É com enorme alegria que registramos hoje o primeiro aniversário da SONARQ – Sociedade Norte-rio-grandense de Arqueologia Meio Ambiente.

Dinheiro pouco, pouquíssimo, mas cuja falta e escassez é exponencialmente compensadas pela fé, coragem, determinação e vontade de levar adiante a preservação do ambiente, incluindo nele o patrimônio cultural, histórico e arqueológico, pois ele é o fundamento da identidade do povo e da nação.

Agradecimentos? Há, às centenas! O espaço, contudo, não permite listá-los todos.
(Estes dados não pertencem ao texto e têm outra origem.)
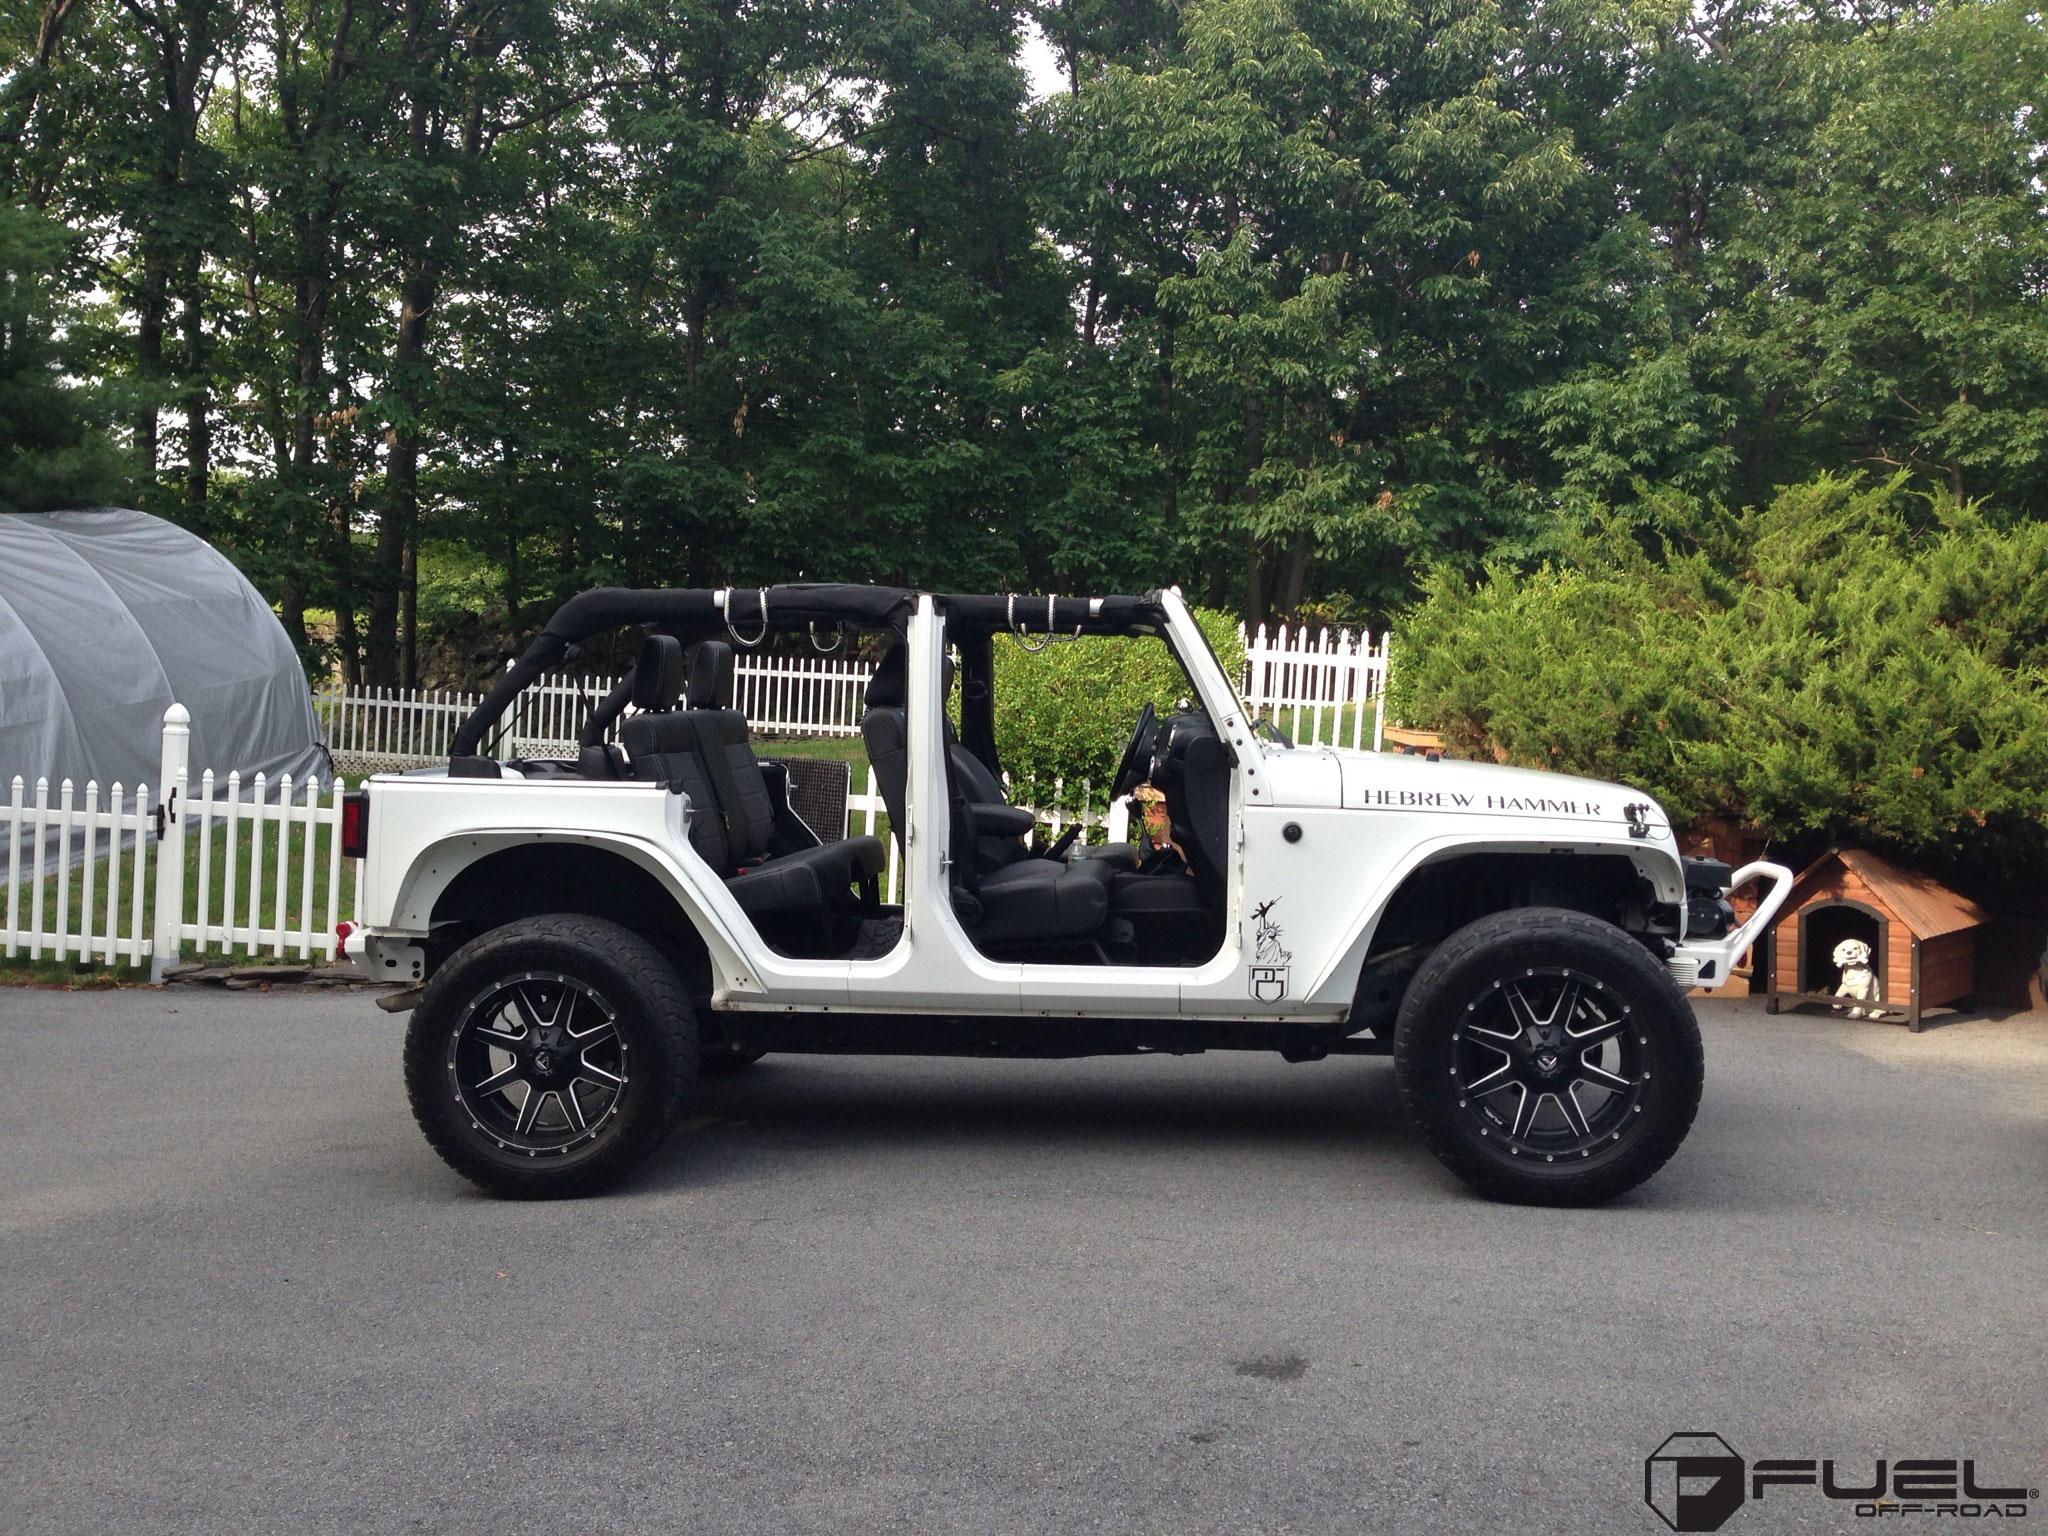 Jeep Wrangler Maverick D262 Gallery Fuel Off Road Wheels

Mas há alguns em especial: aos jornalistas, representados por Leonardo Sodré e Roberto Guedes, pelo interesse e apoio; aos jipeiros do Trilha Amiga, do Natal Land Clube, e do Natal Jeep Clube, nos veículos dos quais nós – da SONARQ – nos aboletamos para visitarmos às nascentes dos rios do Estado e percorremos trilhas esquecidas em meio ao sertão e no litoral. Nunca nos faltou lugar em seus comboios de cunho cultural.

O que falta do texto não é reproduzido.